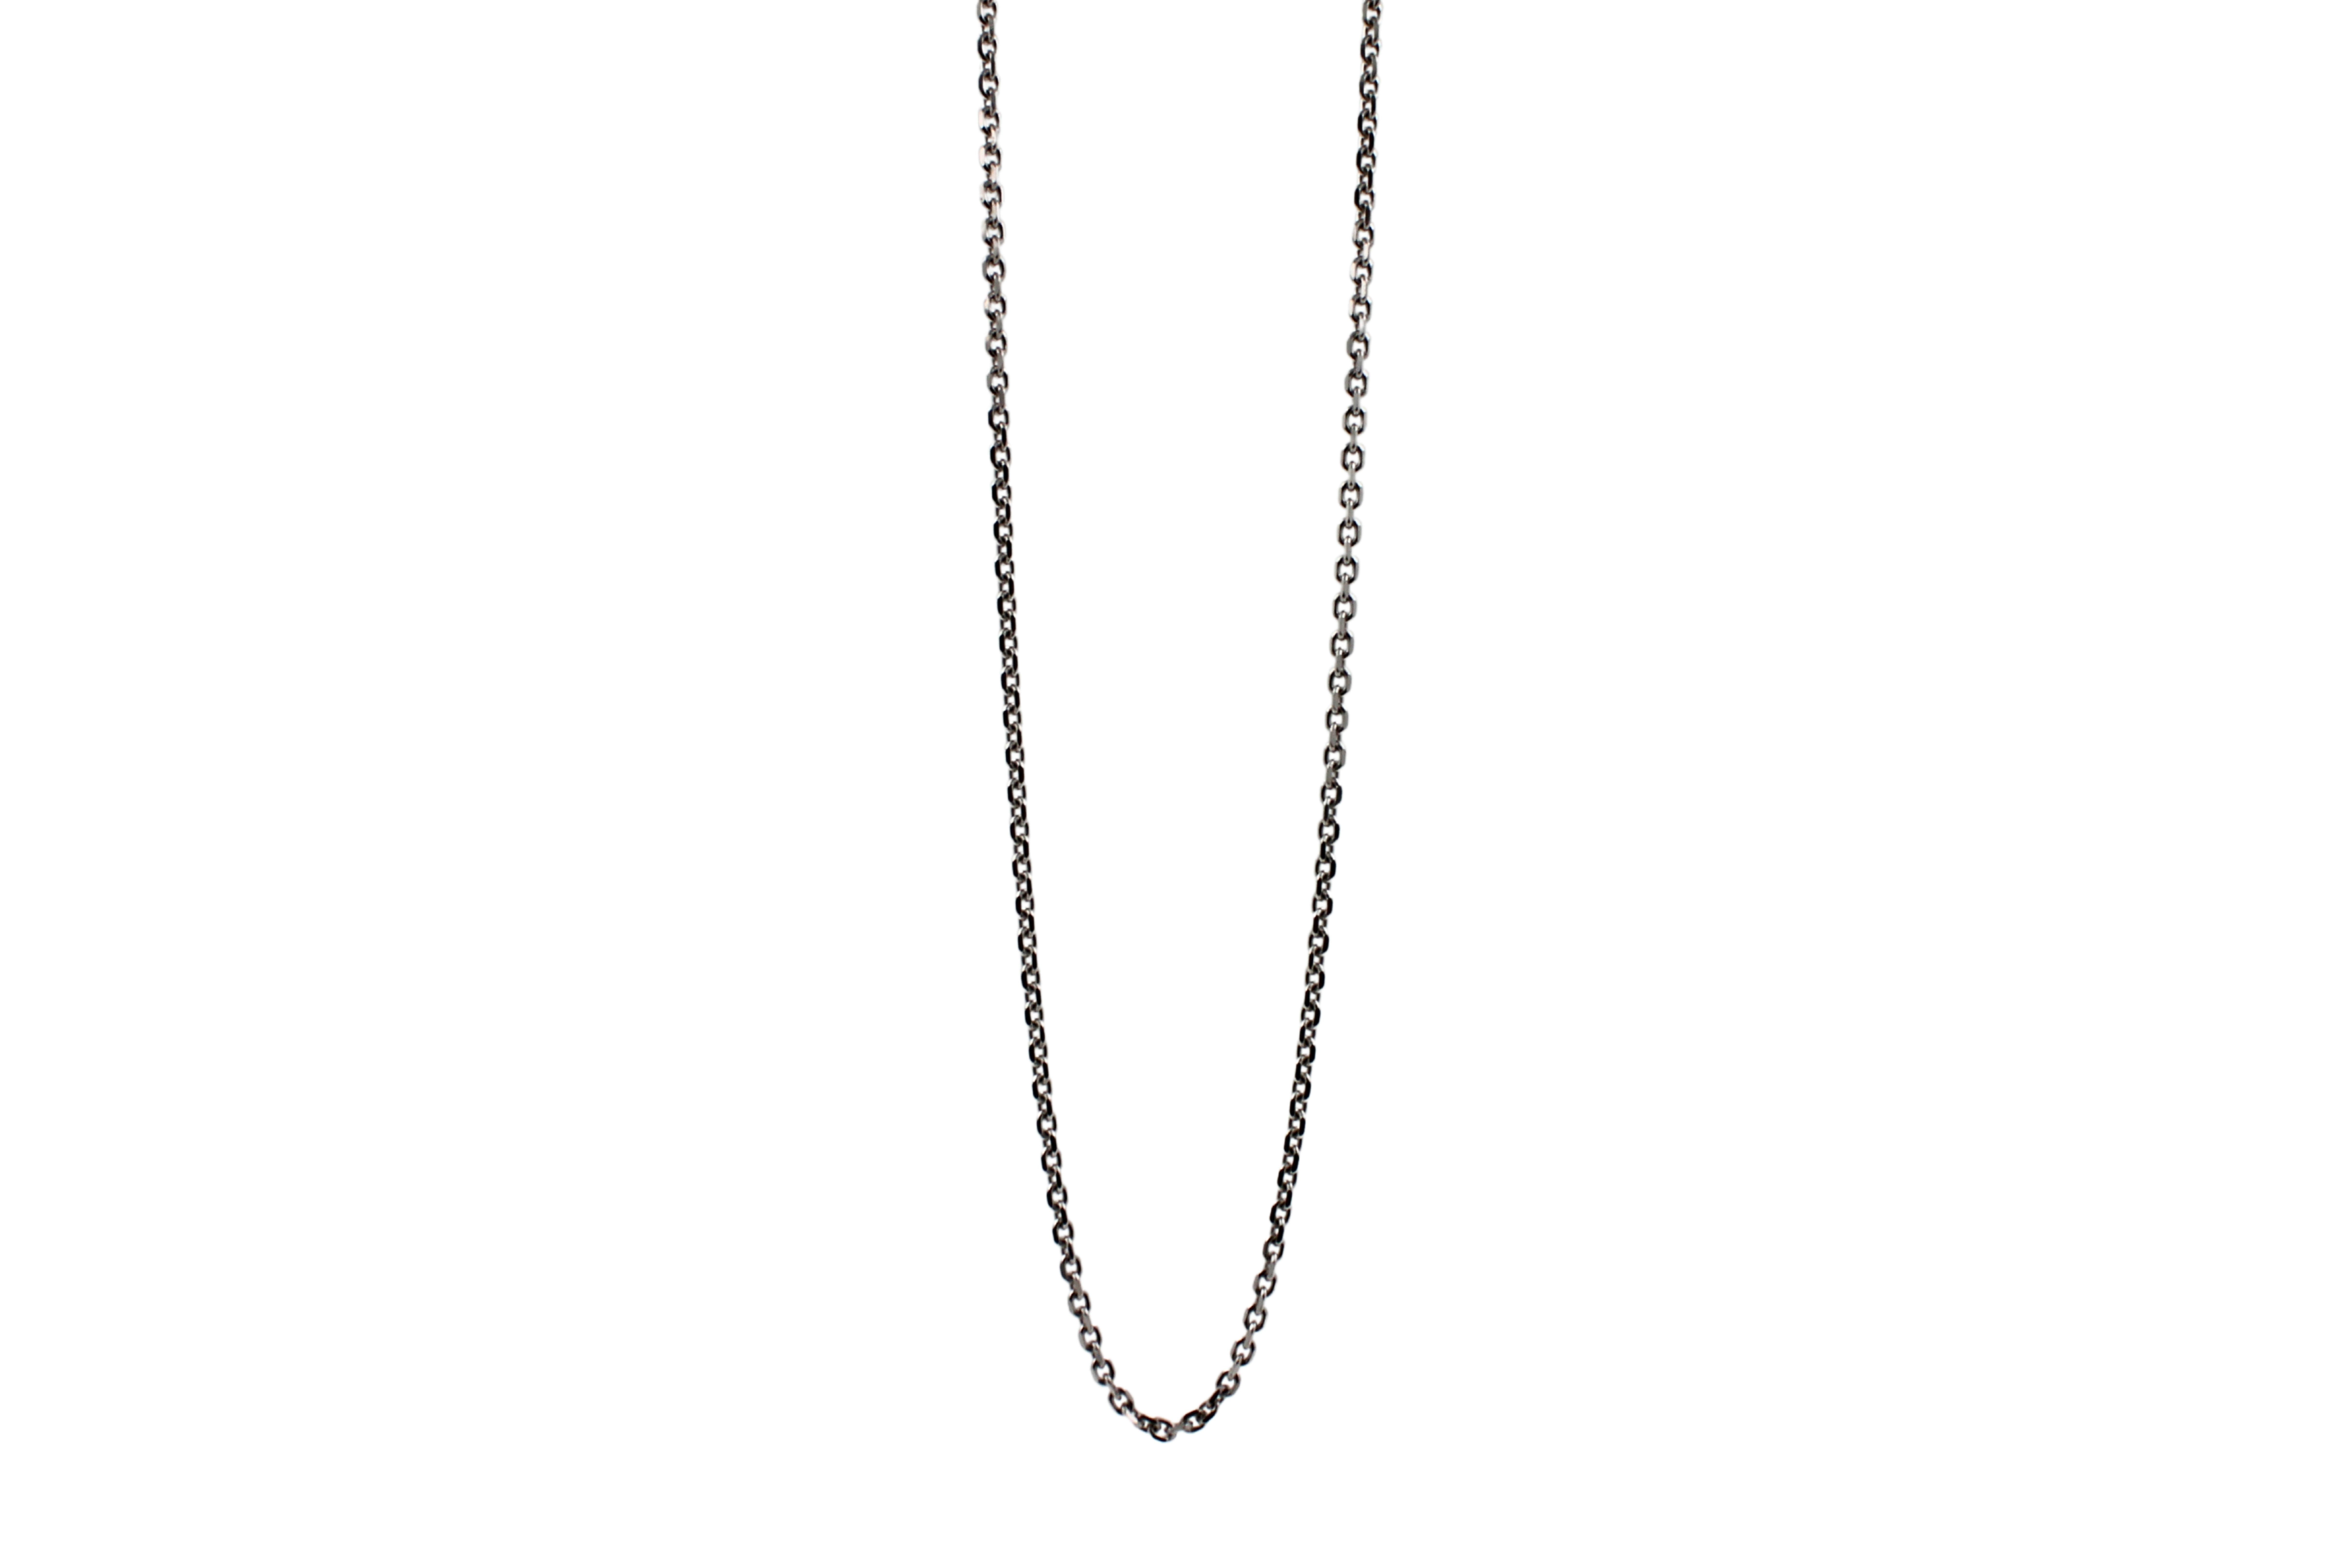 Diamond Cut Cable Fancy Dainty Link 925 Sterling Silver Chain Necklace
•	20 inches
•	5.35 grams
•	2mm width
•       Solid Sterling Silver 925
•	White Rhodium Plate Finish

**AIM OF THE EXERCISE**: Would you copy exactly the lines from the one that contains "Sterling Silver 925" through the final line of the records above, including both?

**ANSWER**:
•       Solid Sterling Silver 925
•	White Rhodium Plate Finish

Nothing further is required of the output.